## TASK DETAILS
Exactly as they appear below, repeat the lines from the one with "A pair of Tok" through the one with "Whirlpool DU7503XL manual". Drop every picture.

## DATASET RECORDS

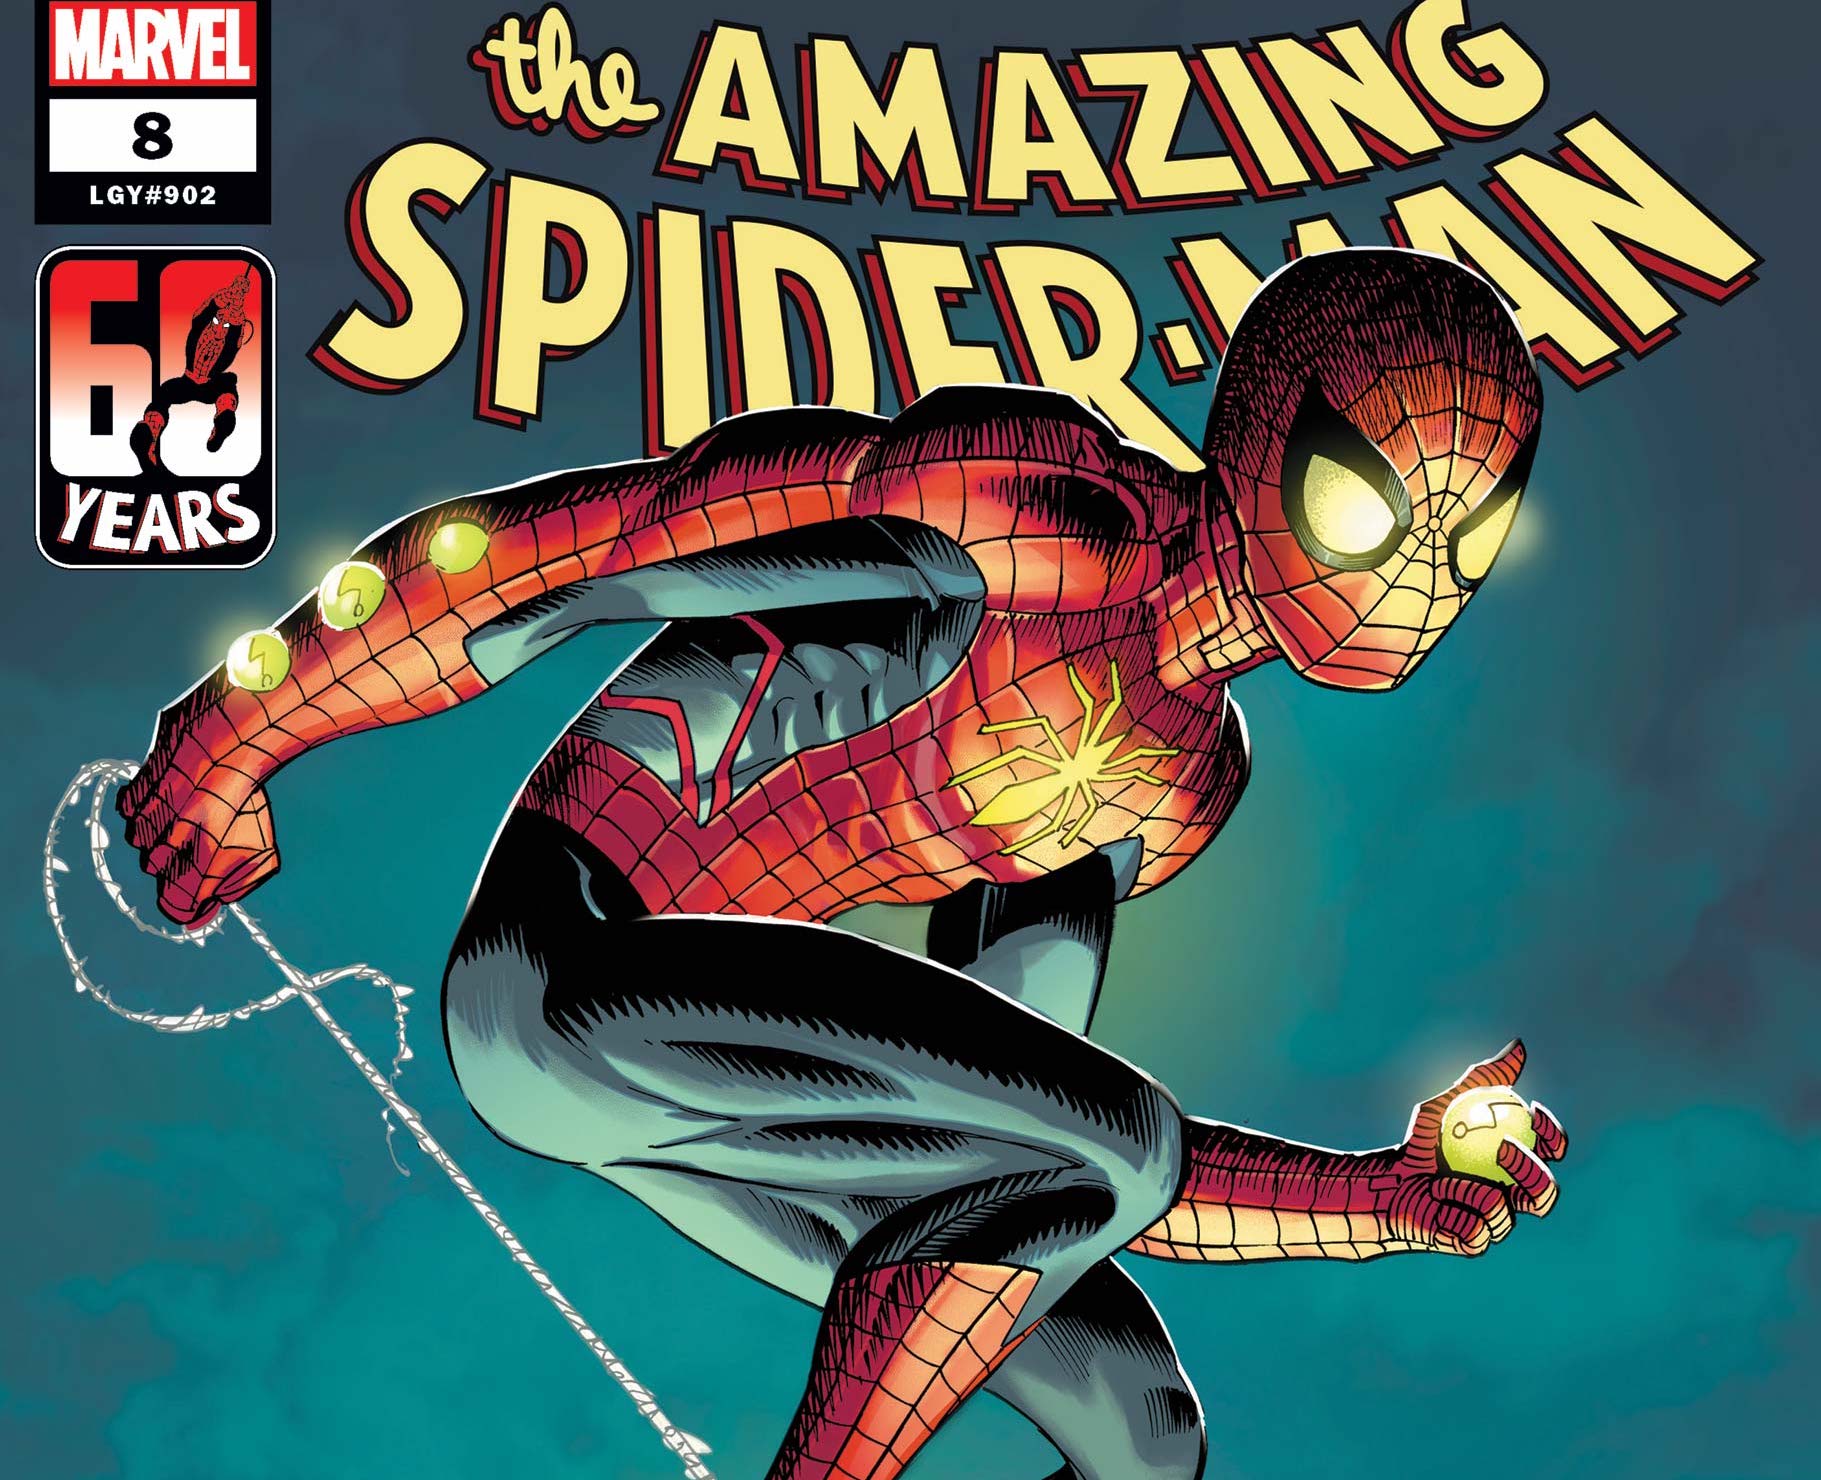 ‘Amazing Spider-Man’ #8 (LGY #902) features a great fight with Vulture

==

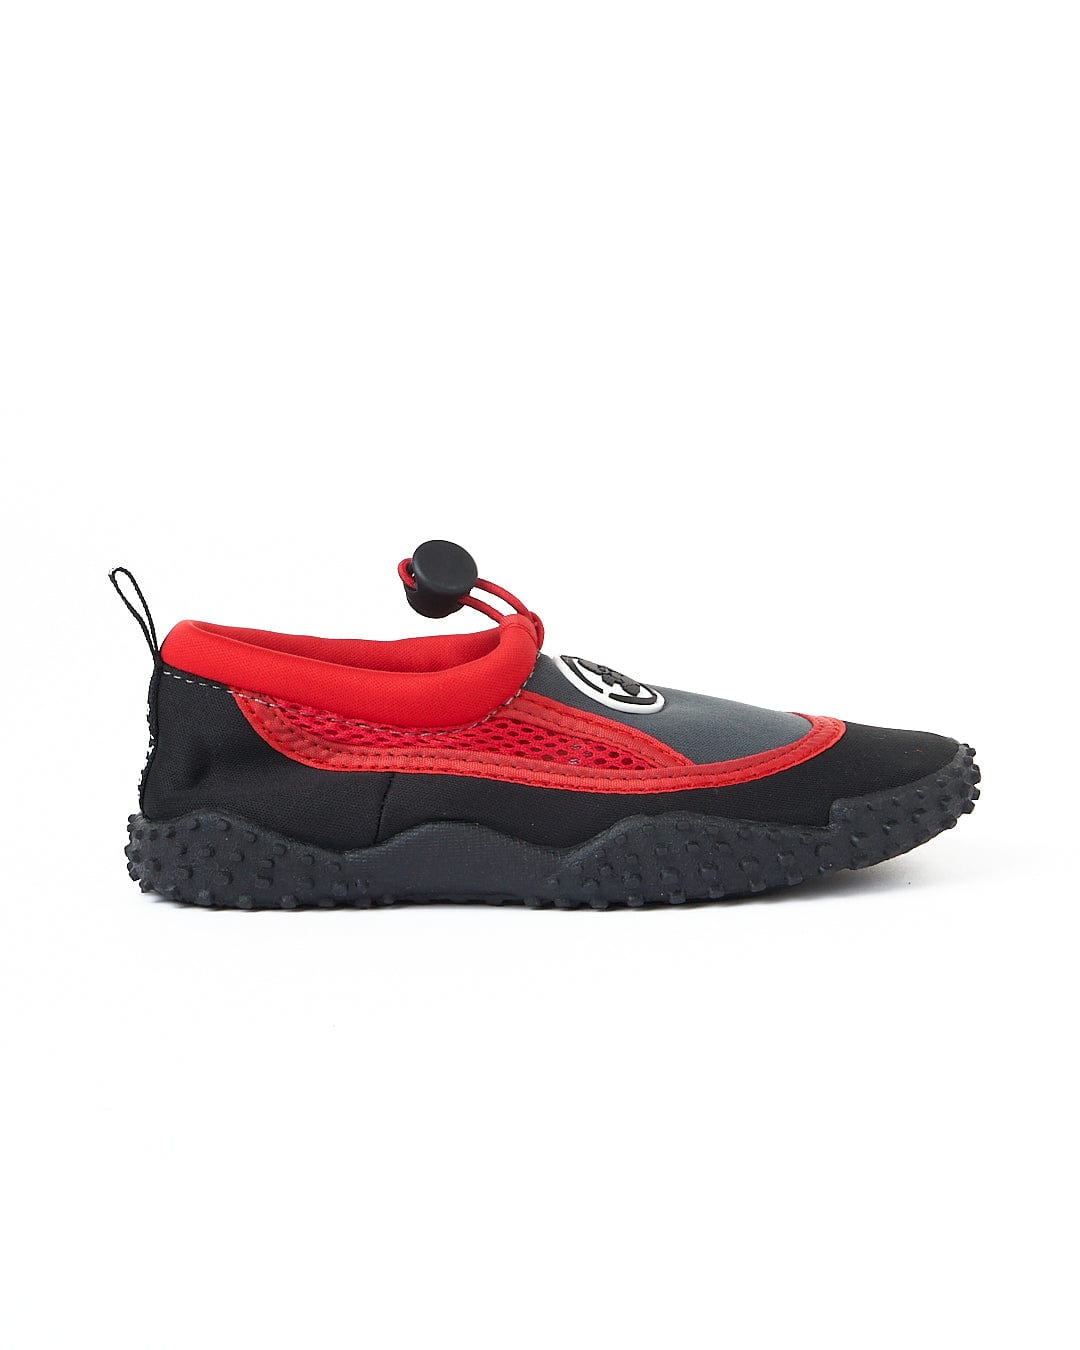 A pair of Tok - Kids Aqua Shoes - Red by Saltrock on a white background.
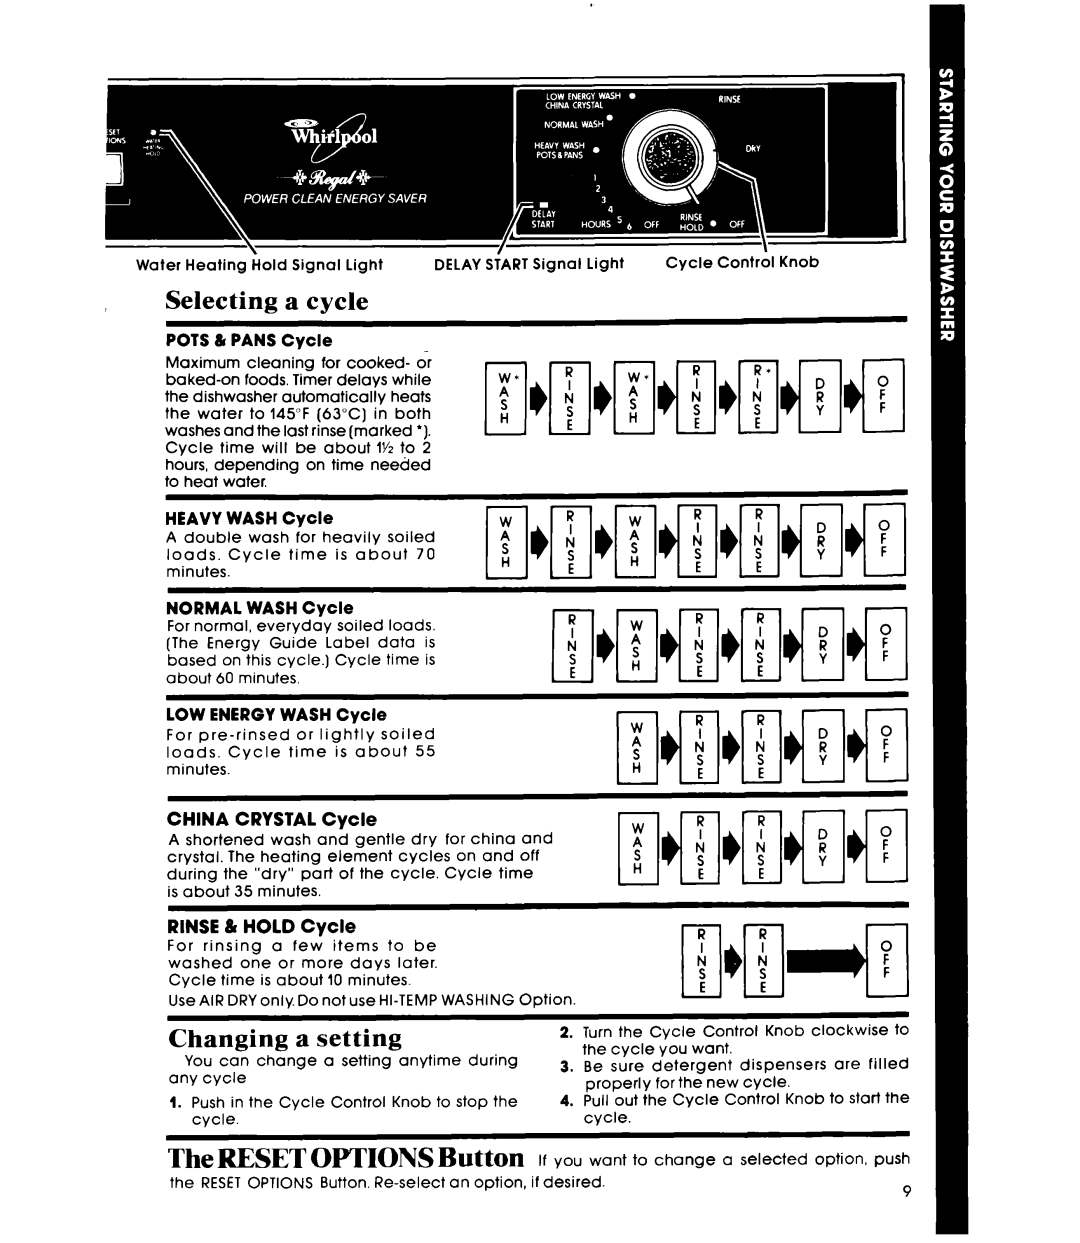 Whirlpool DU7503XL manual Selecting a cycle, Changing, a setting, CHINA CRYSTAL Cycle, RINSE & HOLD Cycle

## RESPONSE BOX
 A pair of Tok - Kids Aqua Shoes - Red by Saltrock on a white background.
 Whirlpool DU7503XL manual Selecting a cycle, Changing, a setting, CHINA CRYSTAL Cycle, RINSE & HOLD Cycle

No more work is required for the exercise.